PLEASE CHECK THE APPROPRIATE BLANK BOX BELOW IN BLUE OR BLACK INK TO INDICATE YOUR VOTE ON THIS MATTER.

Consent to the Sale of the Partnership's Properties: proposal to authorize the General Partner to sell all of the Partnership's properties at such prices set forth in the May 15, 2003 Consent Statement and upon such terms as the General Partner shall determine.
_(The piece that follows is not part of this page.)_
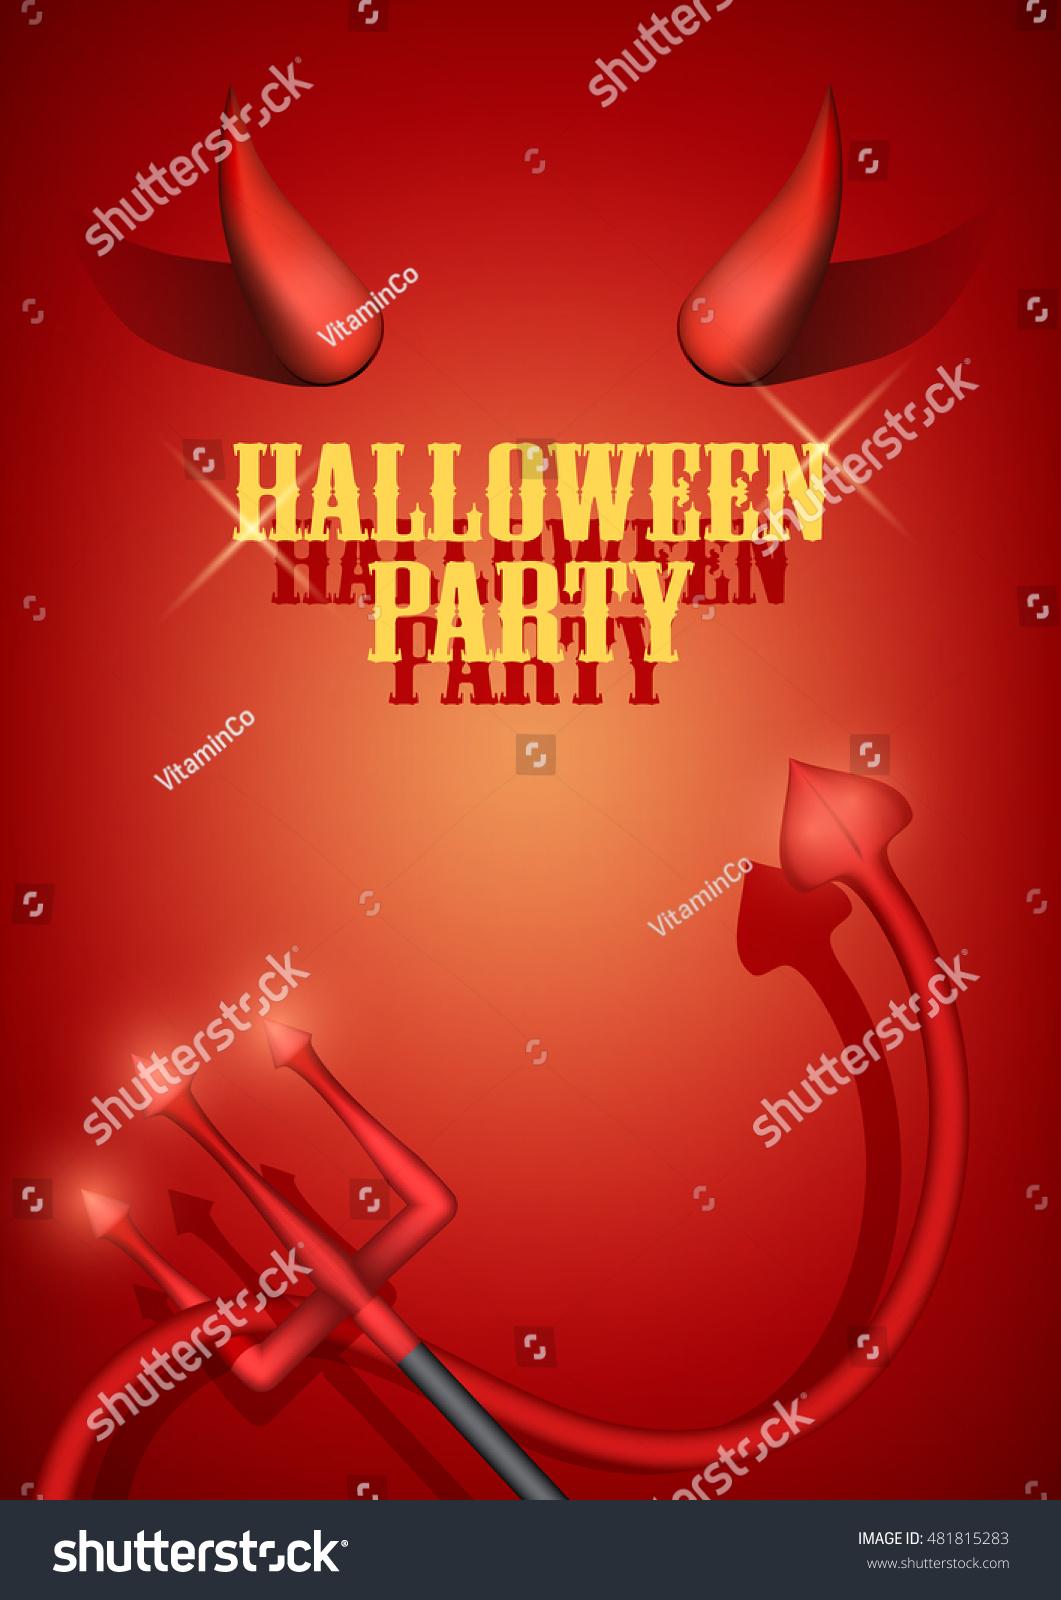 Halloween Party Invitation Devil Horns Tail Stock Vector (Royalty ...

Approval of a sale of the Partnership's properties will also be deemed a consent to the termination and dissolution of the Partnership.

FOR [  ] AGAINST [  ] ABSTAIN [  ]

_______________________________ _______________________________
Signature of Unit Holder Date:
_______________________________
Print Name
[LABEL]
_______________________________ _______________________________
Signature of Unit Holder, if held jointly Date:
_______________________________
Print Name

 

PLEASE SIGN EXACTLY AS YOUR NAME APPEARS ON THE ABOVE LABEL REPRESENTING YOUR LIMITED PARTNERSHIP INTEREST. WHEN SUCH INTEREST(S) ARE HELD BY JOINT TENANTS, BOTH SHOULD SIGN. WHEN SIGNING AS AN ATTORNEY, EXECUTOR, ADMINISTRATOR, TRUSTEE OR GUARDIAN, PLEASE GIVE FULL TITLE OF SUCH. IF A CORPORATION, PLEASE HAVE SIGNED IN FULL CORPORATE NAME BY THE PRESIDENT OR OTHER AUTHORIZED OFFICER. IF A PARTNERSHIP, PLEASE HAVE SIGNED IN THE PARTNERSHIP'S NAME BY AN AUTHORIZED PERSON.